----- Given data -----

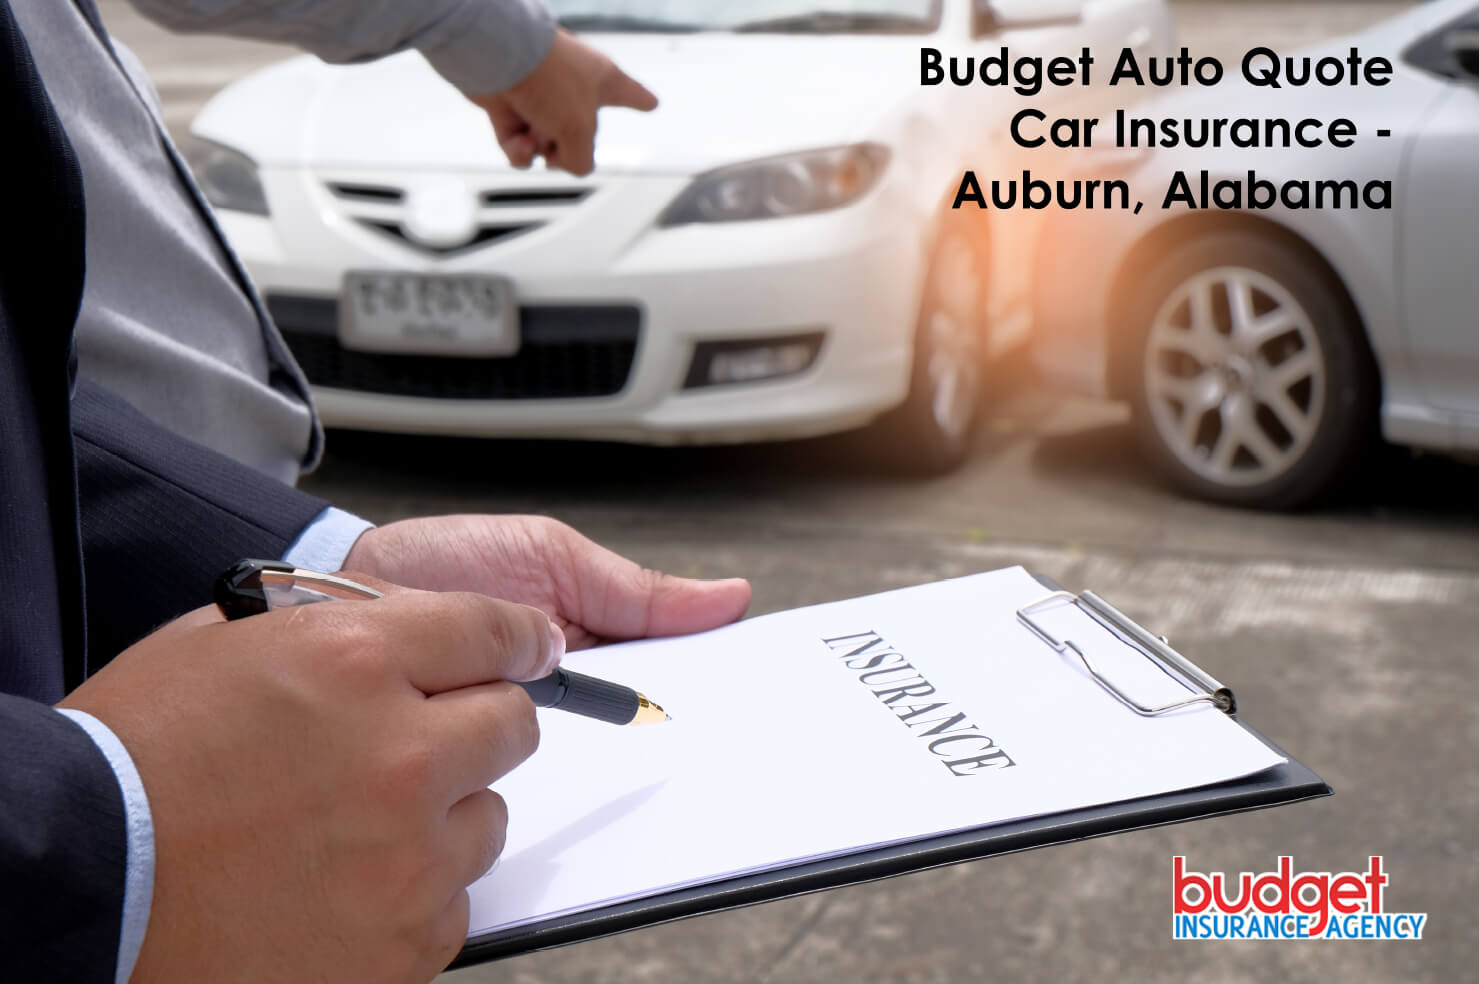 Budget Auto Quote Car Insurance - Auburn, Alabama
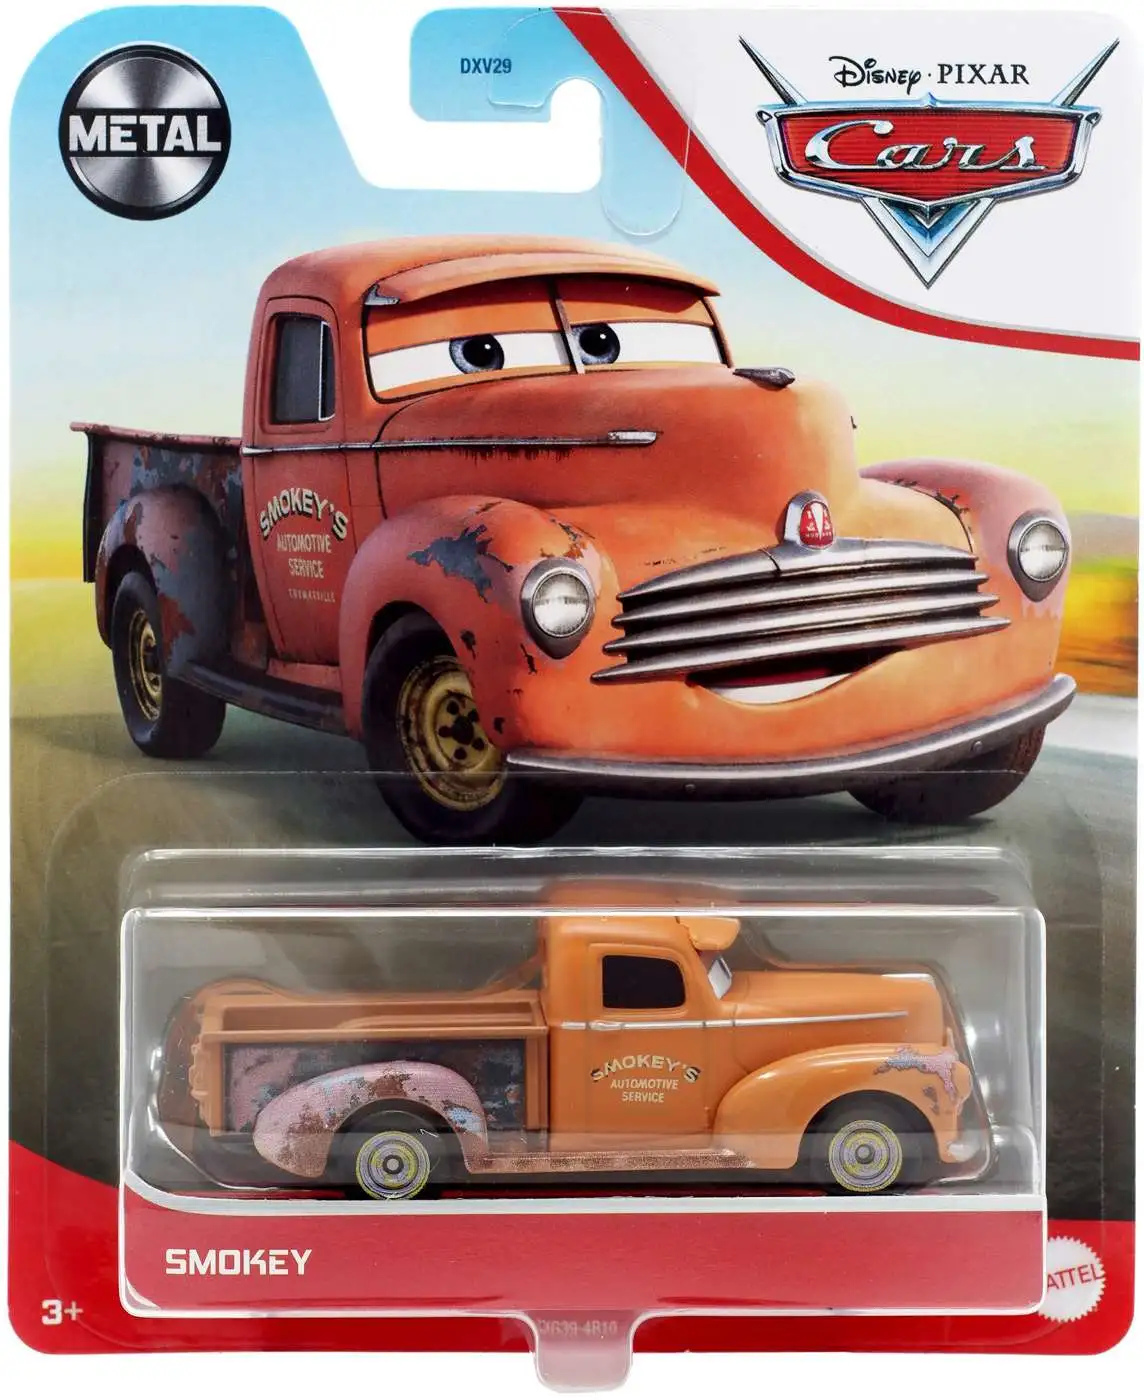 Mattel Disney Pixar Cars 3 SMOKEY Smokey's Automotive Service Truck
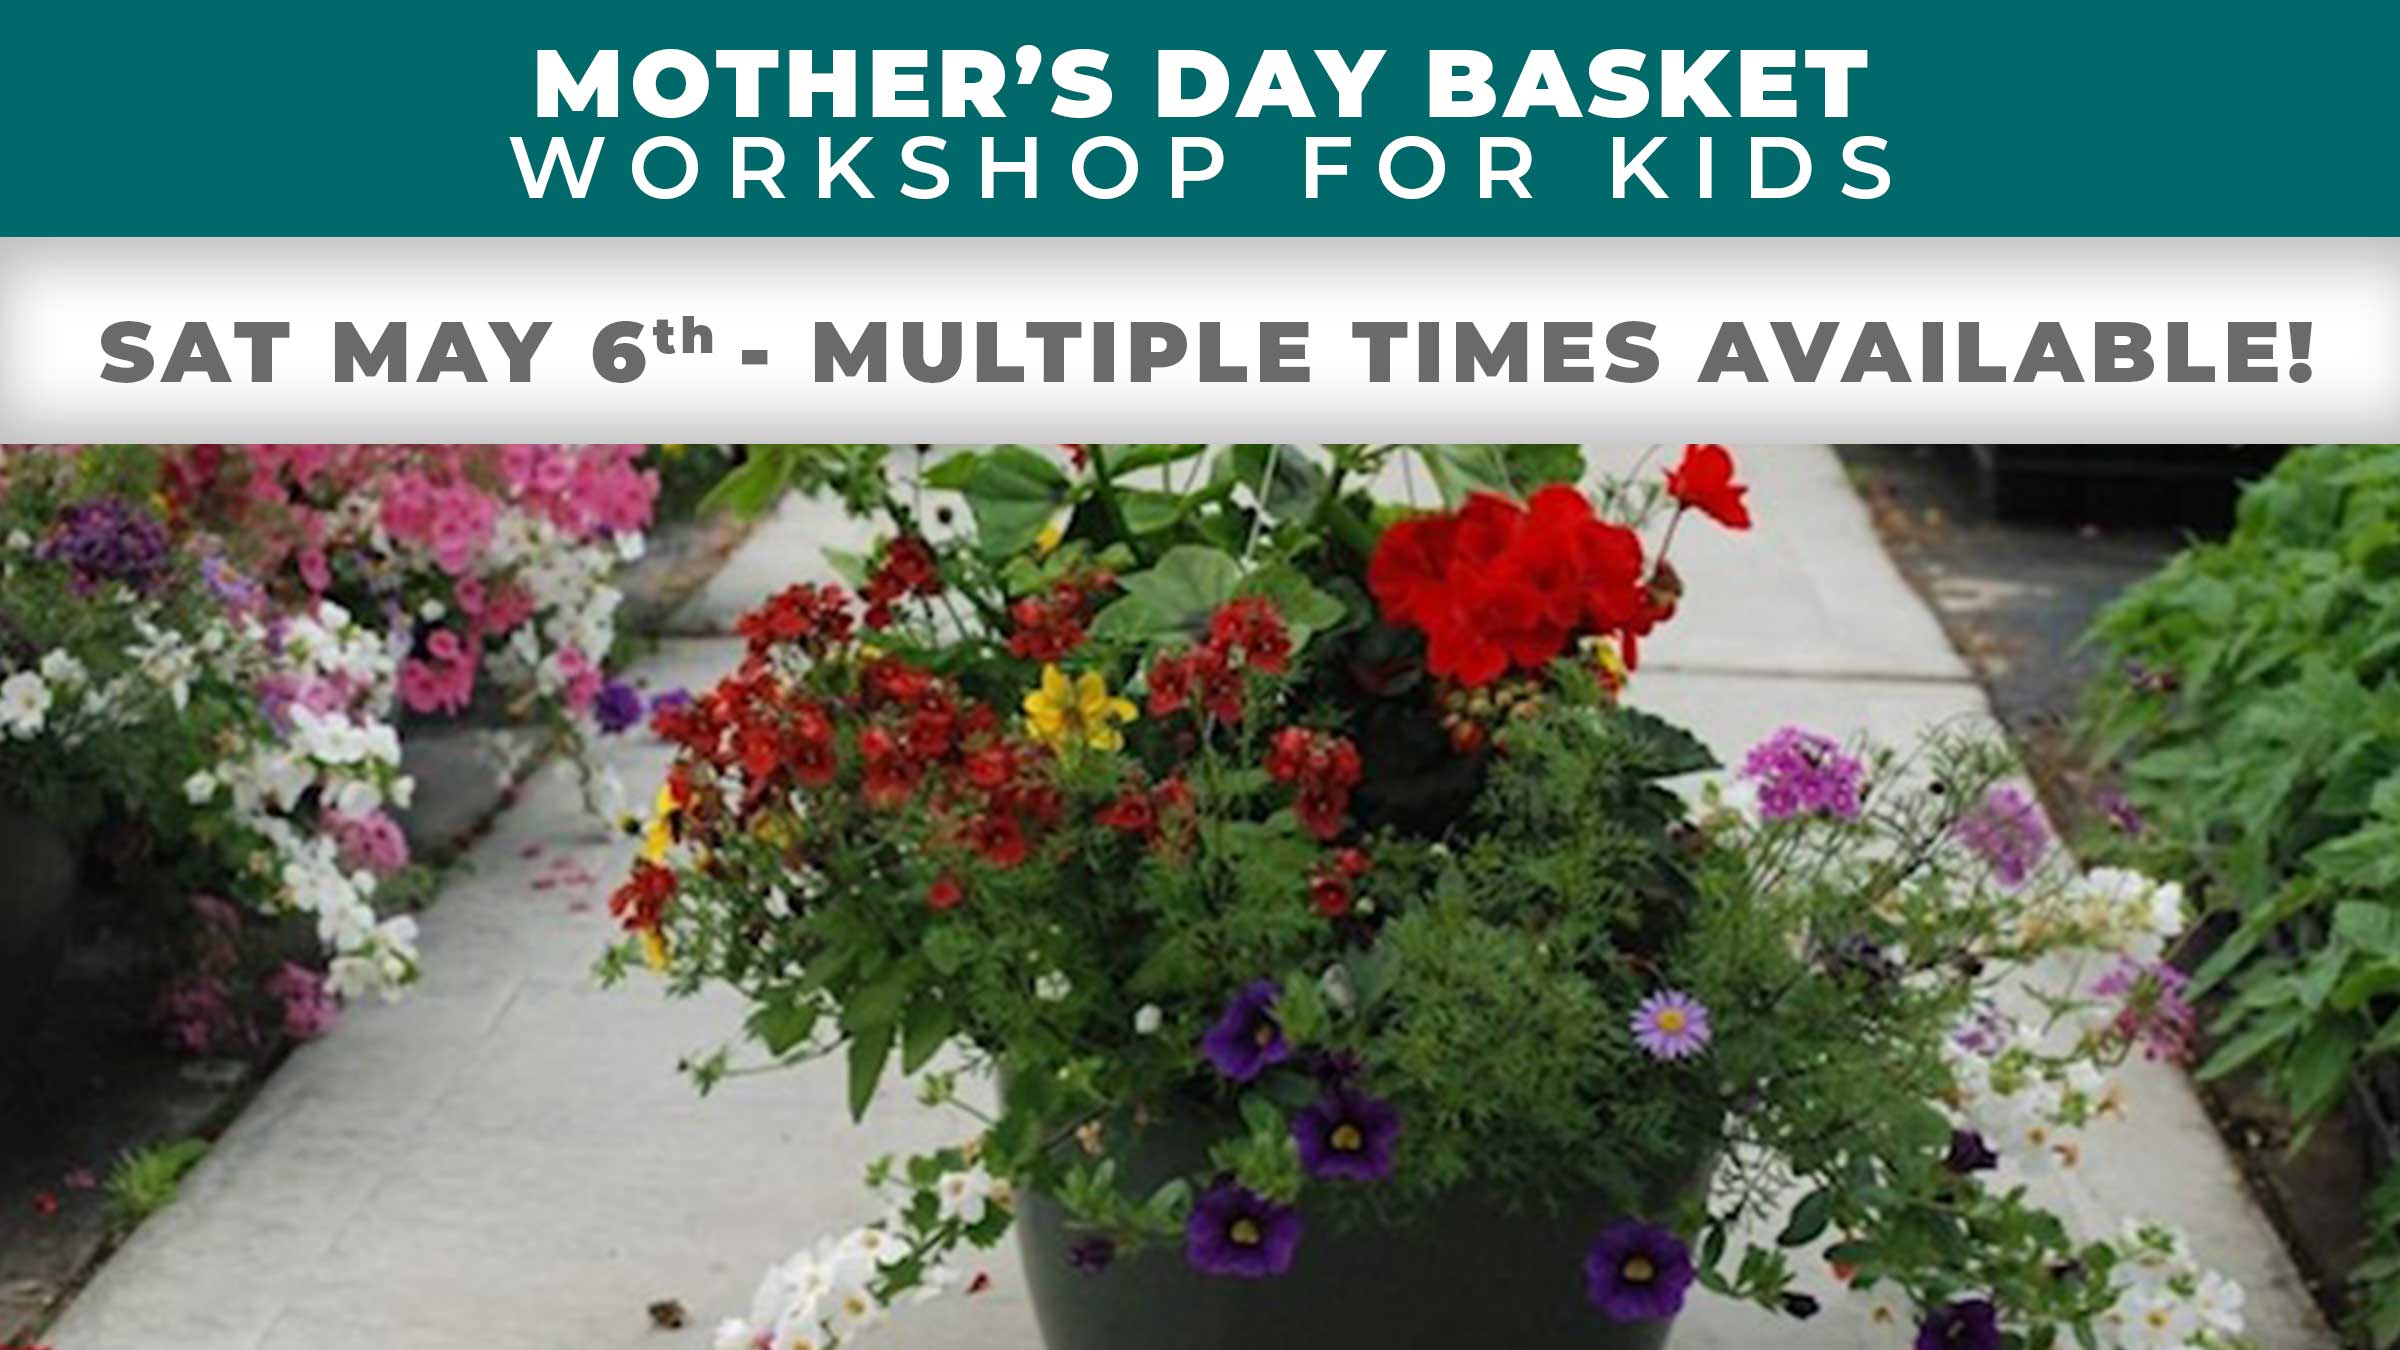 Mothers Day basket workshop for kids May 6
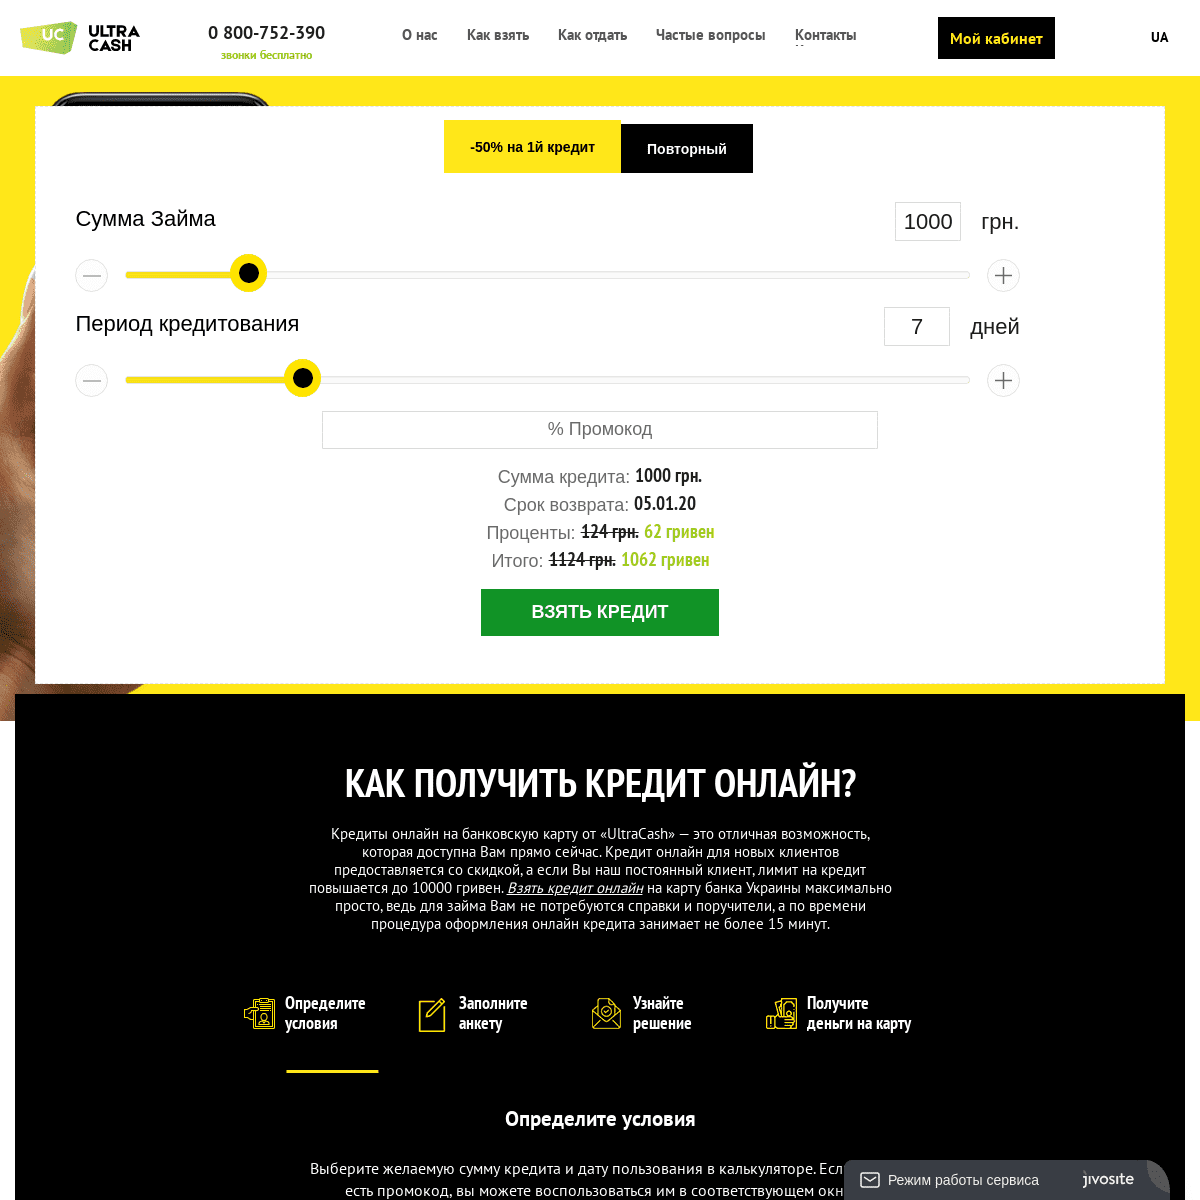 A complete backup of ultracash.com.ua

-----

# Required action
Copy all the material word for word, minus its pictures.

# Worked solution
 Budget Auto Quote Car Insurance - Auburn, Alabama
 Mattel Disney Pixar Cars 3 SMOKEY Smokey's Automotive Service Truck
 Mothers Day basket workshop for kids May 6
 A complete backup of ultracash.com.ua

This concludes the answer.